Let $h_n$ denote the number of ways that a 1×n rectangle can be tiled with red, blue, green, and yellow squares, where there must be an even number of red tiles, an even number of blue tiles, and at least two green tiles. Find a formula for $h_n$.
Work so far: My approach is to find a recursive formula for $h_n$ in terms of $h_{n-1}$ and maybe $h_{n-2}$ and then use generating functions to solve for $h_n$. I can't figure out how to do this because, for instance, we know a tiling of length two has to be (green, green), but then the since the order matters there are 3 places to put a yellow to get a tiling of length 3, but only 1 green (and no blue or red for that matter). So, if we ignore the red and blue, the number of choices to turn a length $n-1$ tiling into a length $n$ tiling is dependent on $n-1-g$ and $n-1-y$, where $g$ is the number of green tiles and $y$ is the number of yellow. I thought to take the average of all the possible $g$s and $y$s for this, but stopped because I have no idea how to apply the same reasoning to the red and blue.

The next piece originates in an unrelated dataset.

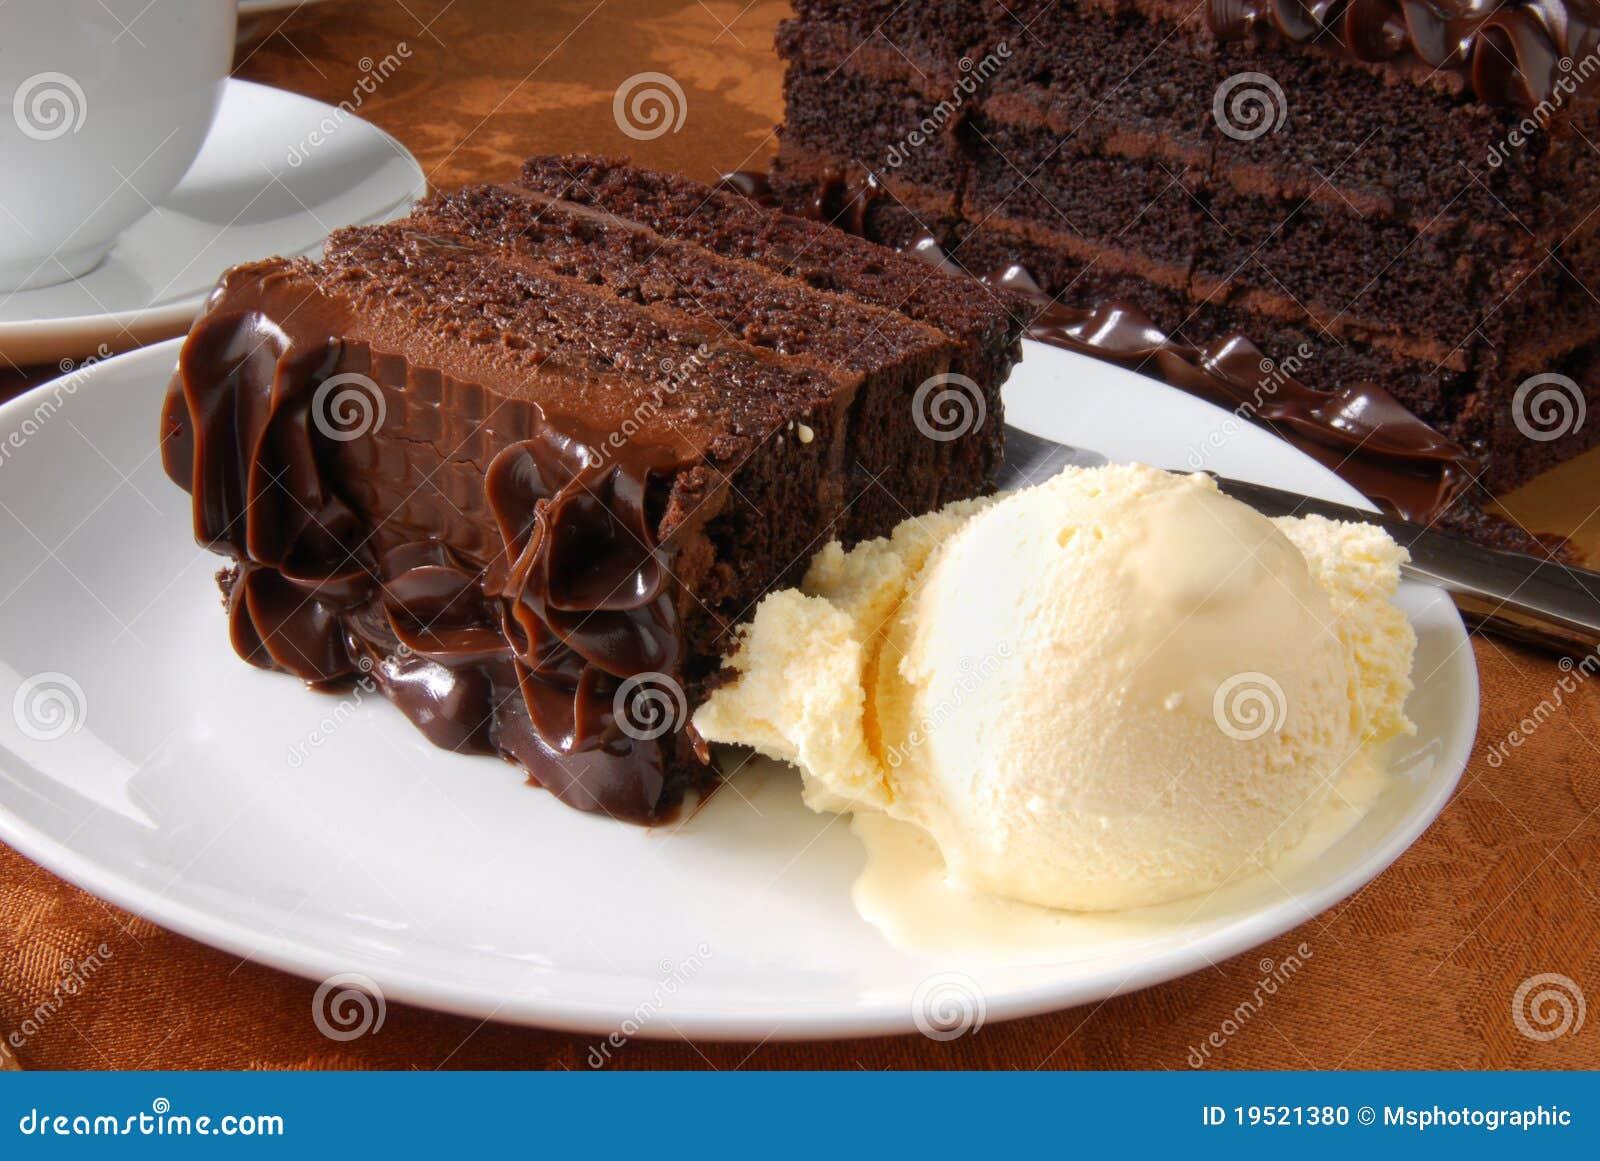 Cake And Ice Cream Stock Photo - Image: 19521380

The other thing I noticed was that exactly half of the possible tilings have an even number red tiles, likewise for blue.
Thanks in advance.
First of all, for the condition "at least two green tiles", it is much easier to count the complementary class of sequences with either zero or one green tile. To this end, let $a_n$ be the number of sequences of length $n$, where each entry is either red, blue, or yellow (no green), with an even number of red and blue. Then the answer to the complementary question is $$ \text{# R,B,Y,G sequences with even R, even B, $<2$ G}=\underbrace{a_n}_\text{zero green tiles}+\underbrace{na_{n-1}}_\text{one green tile} $$ All that remains is, how to compute $a_n$?
You said you noticed that exactly half of the tilings have an even number of reds. This is not exactly correct, but it is almost correct, and the idea leads to a solution. I will use the strategy that I used in a previous answer, where the problem was to count sequences of three possible symbols where one symbol is required to appear an even number of times, and another is required to appear an odd number of times.

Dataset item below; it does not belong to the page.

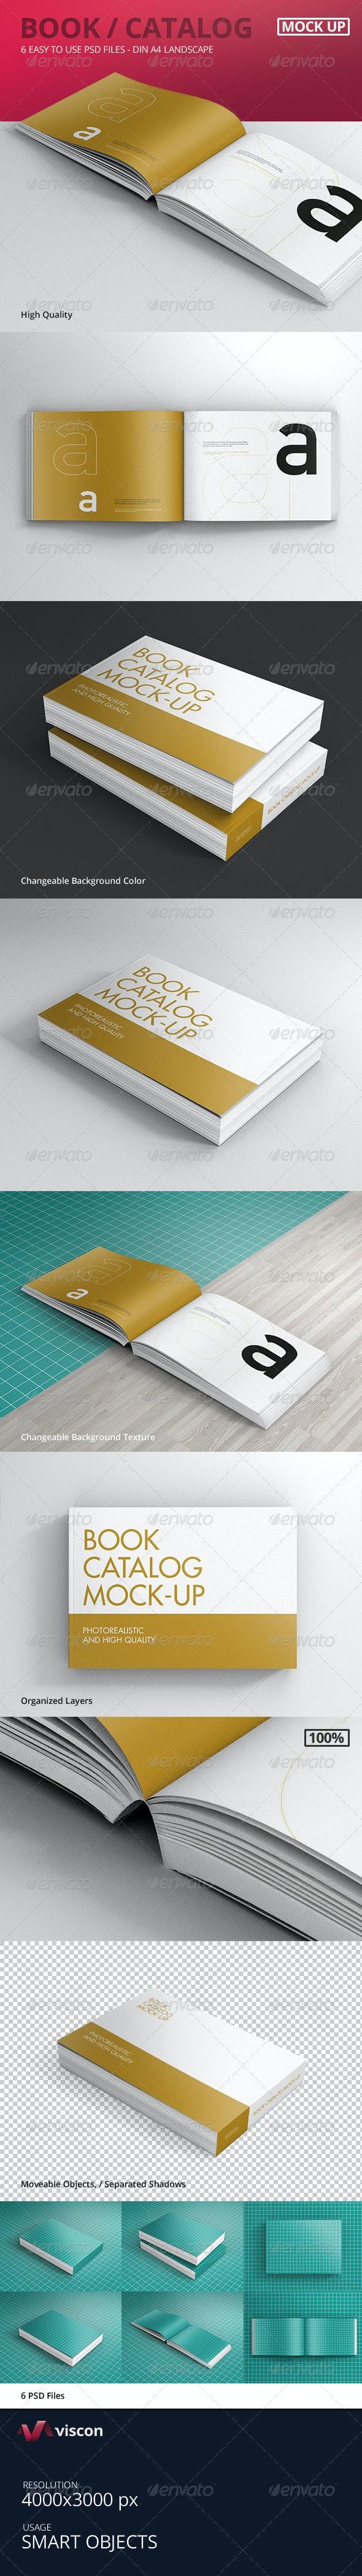 Book / Catalog Mock-Ups Landscape - Books Print

Let us divide the set of $3^n$ tilings into pairs, as follows. Given a tiling, find the leftmost tile which is either red or yellow, and replace it with the other color, yellow or red, to get the tiling it is paired with. The only exception is the tiling with all blues, which is not paired with anything.
In each pair of tilings, exactly one of the tilings has an even number of reds. In addition, the all-blue tiling has an even number of reds. It follows that the number of even-red tilings is $$ \text{# of R,B,Y sequences with even R }=\frac{3^n-1}{2}+1=\frac{3^n+1}2 $$
Now, of these $(3^n+1)/2$ sequences with an even number of reds, we need to count the number with an even number of blues. Again, we use a pairing strategy. Find the leftmost instance of blue or yellow, and change it to yellow or blue, respectively. The only potentially unpaired sequence is the sequence of all reds; there is one such sequence when $n$ is even, and zero such sequences when $n$ is odd. Therefore, using similar logic to before, we conclude that $$ a_n=\text{# of R,B,Y sequences with even R and even B}= \begin{cases} \frac12\left(\frac{3^n+1}{2}-1\right)+1 & \text{if $n$ is even} \\ \frac12\left(\frac{3^n+1}{2}\right) & \text{if $n$ is odd} \end{cases} $$
Both of these pairing/matching methods are often referred to as sign reversing involutions.